The Gates Foundation is the second largest donor to the WHO behind the United States. 

Melinda Gates said earlier that cutting WHO funding in a health crisis was ‘as dangerous as it sounds.’

The WHO’s Director General Tedros Adhanom Ghebreyesus said he regretted Trump’s decision. 

He said the organization was still assessing the impact and would ‘try to fill any gaps with partners.’

The philanthropic Gates Foundation’s new $150million commitment brings its COVID-19 funding for the international response to date to $250million, but Gates said any gap left in the WHO’s funding would be very hard for others to fill.

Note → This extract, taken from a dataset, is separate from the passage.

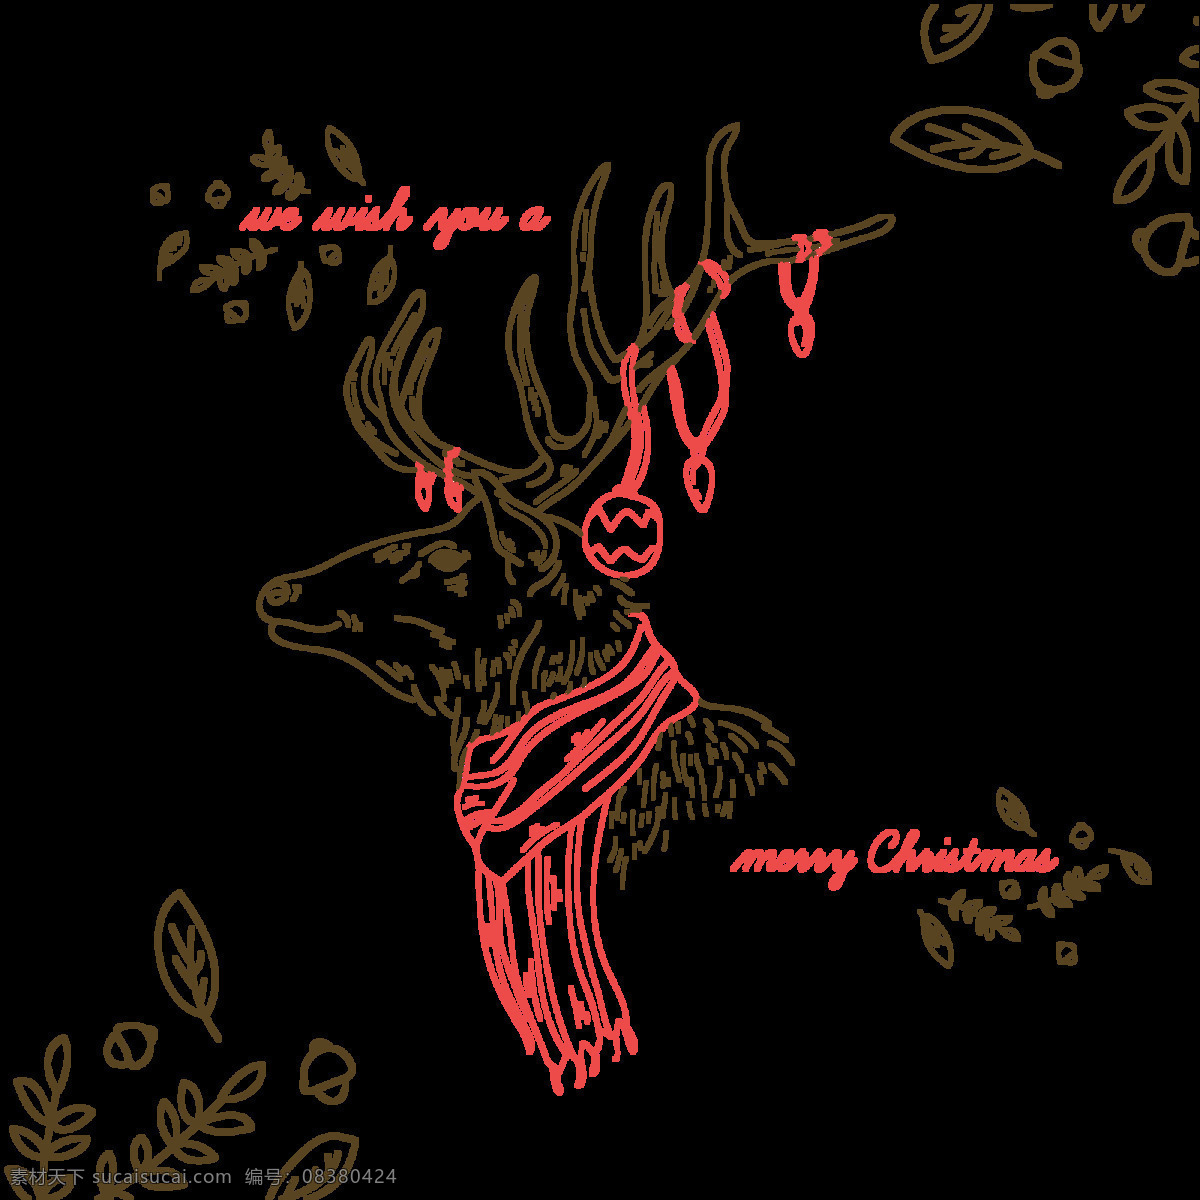 手绘 圣诞节 麋鹿 元素 节日元素 卡通麋鹿 卡通圣诞元素 麋鹿png 麋鹿下载 麋鹿元素 平安夜 圣诞节装饰 圣诞麋鹿 手绘麋鹿 新年快乐

Alongside support for new diagnostics, drugs and vaccines, the Gates money is primarily aimed at helping poorer countries and vulnerable populations handle the oncoming and spreading pandemic and the poverty it will cause.

‘We really as a global community need to address what is now just beginning in African and South Asian countries. We see a huge need, and that’s why we have more than doubled our commitment,’ she said.

Praising what she described as ‘heroic work’ by local leaders and healthcare workers in poorer countries seeking to protect vulnerable communities and slow the spread of COVID-19, Melinda Gates said the world’s response to the pandemic ‘will not be effective unless it is also equitable.’

‘Whenever a health crisis hits like this, it’s the people on the margins that it hits the very most,’ she said. 

‘They’re the ones we need to help to ensure things like cash transfer payments are made and they have access to primary healthcare.’

There are currently no effective vaccines, drugs or other immune system treatments approved to treat COVID-19, the disease caused by the new coronavirus.

The $150 million of extra funding adds to an initial $100 million from the Gates Foundation designed to kick-start scientific and public health projects.

Gates said the Foundation is backing eight projects seeking potential solutions for COVID-19 vaccine development and has co-funded enhanced virus detection capacity in Africa as well as contributing to the response in China.